Он казался мне окруженным плотным кольцом одиночества. Не помню, чтобы он с кем-нибудь раскланивался в Люксембургском саду или в Латинском квартале, где все более или менее знали друг друга. Я не слышала от него ни одного имени знакомого, друга или художника, и я не слышала от него ни одной шутки. Я ни разу не видела его пьяным, и от него не пахло вином. Очевидно, он стал пить позже, но гашиш уже как-то фигурировал в его рассказах. Очевидной подруги жизни у него тогда не было. Он никогда не рассказывал новелл о предыдущей влюбленности (что, увы, делают все). Со мной он не говорил ни о чем земном. Он был учтив, но это было не следствием домашнего воспитания, а высоты его духа.
В это время он занимался скульптурой, работал во дворике возле своей мастерской, в пустынном тупике был слышен звук его молоточка. Стены его мастерской были увешаны портретами невероятной длины (как мне теперь кажется – от пола до потолка). Воспроизведения их я не видела – уцелели ли они? Скульптуру свою он называл вещью – она была выставлена, кажется, у «Независимых» в 1911 году. Он попросил меня пойти посмотреть на нее, но не подошел ко мне на выставке, потому что я была не одна, а с друзьями. Во время моих больших пропаж исчезла и подаренная им мне фотография с этой вещи.

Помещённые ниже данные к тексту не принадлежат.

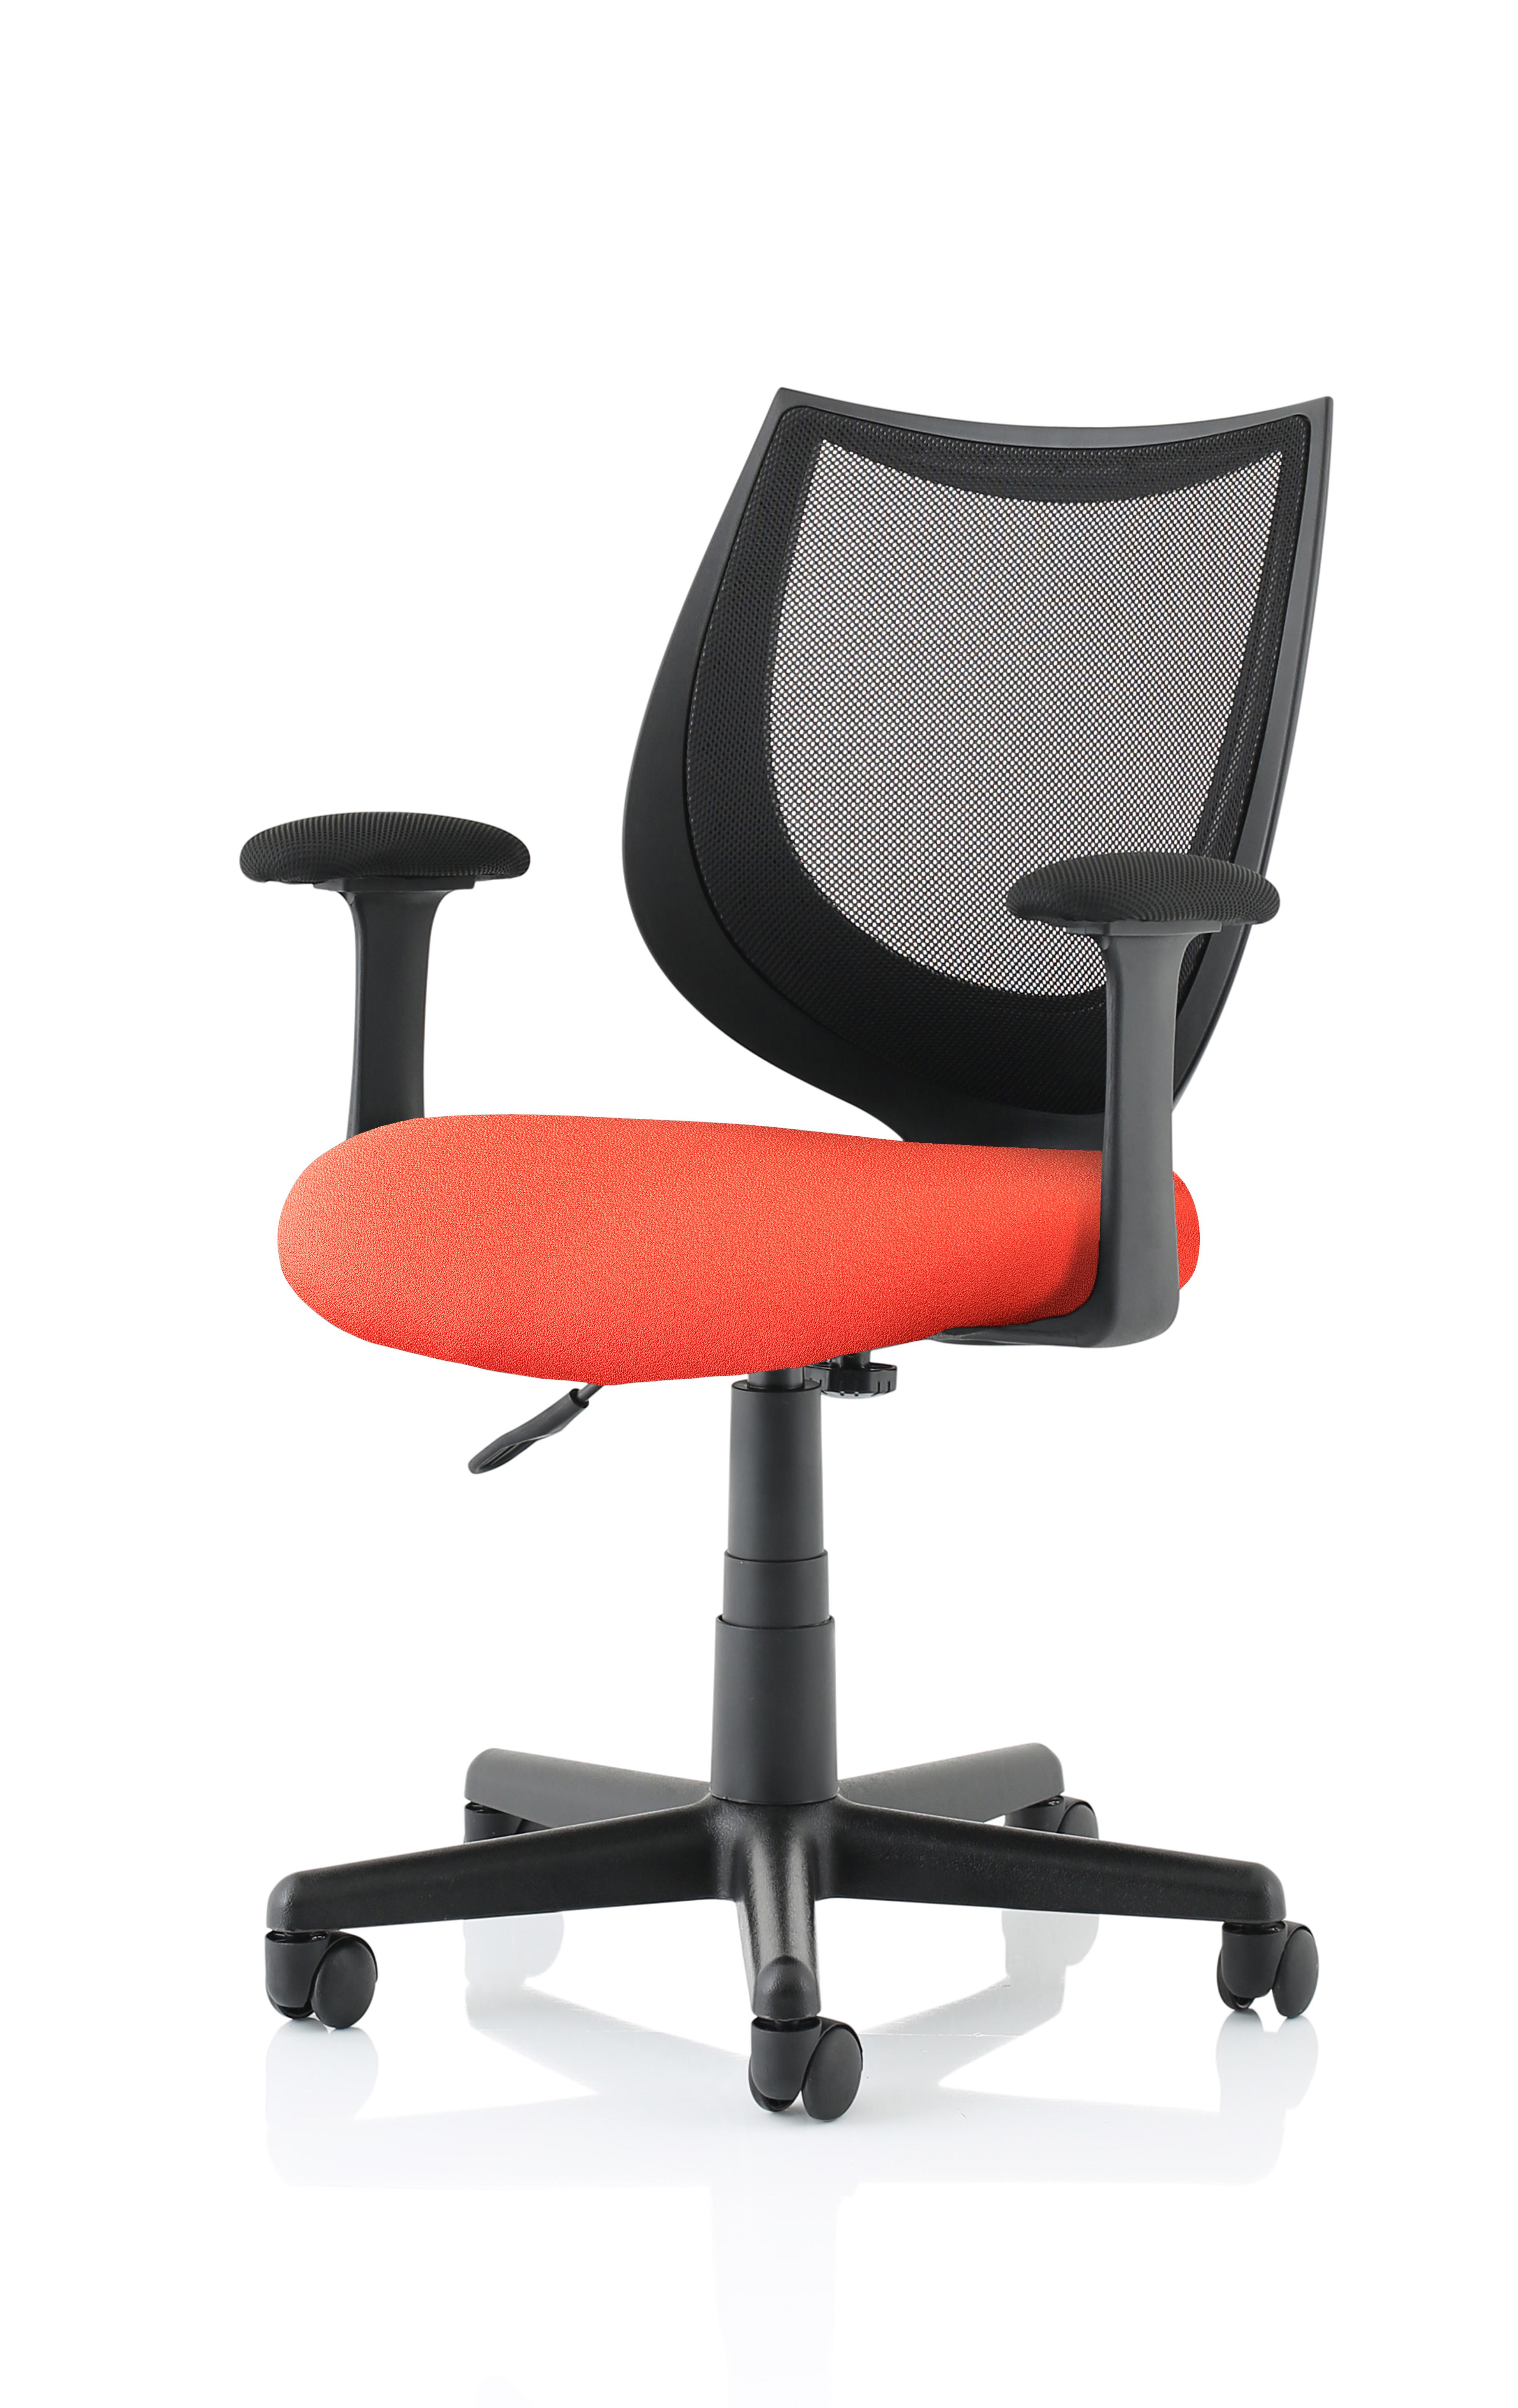 Camden Black Mesh Chair in Tabasco Red

В это время Модильяни бредил Египтом. Он водил меня в Лувр смотреть египетский отдел, уверял, что все остальное (tout le reste) недостойно внимания. Рисовал мою голову в убранстве египетских цариц и танцовщиц и казался совершенно захвачен великим искусством Египта. Очевидно, Египет был его последним увлечением. Уже очень скоро он становится столь самобытным, что ничего не хочется вспоминать, глядя на его холсты. Теперь этот период Модильяни называют негритянским периодом.
Он говорил: «Драгоценности должны быть дикарскими» (по поводу моих африканских бус) – и рисовал меня в них. Водил меня смотреть старый Париж за Пантеоном ночью при луне. Хорошо знал город, но все-таки мы один раз заблудились. Он сказал: «Я забыл, что посередине находится остров». Это он показал мне настоящий Париж.
По поводу Венеры Милосской говорил, что прекрасно сложенные женщины, которых стоит лепить и писать, всегда кажутся неуклюжими в платьях.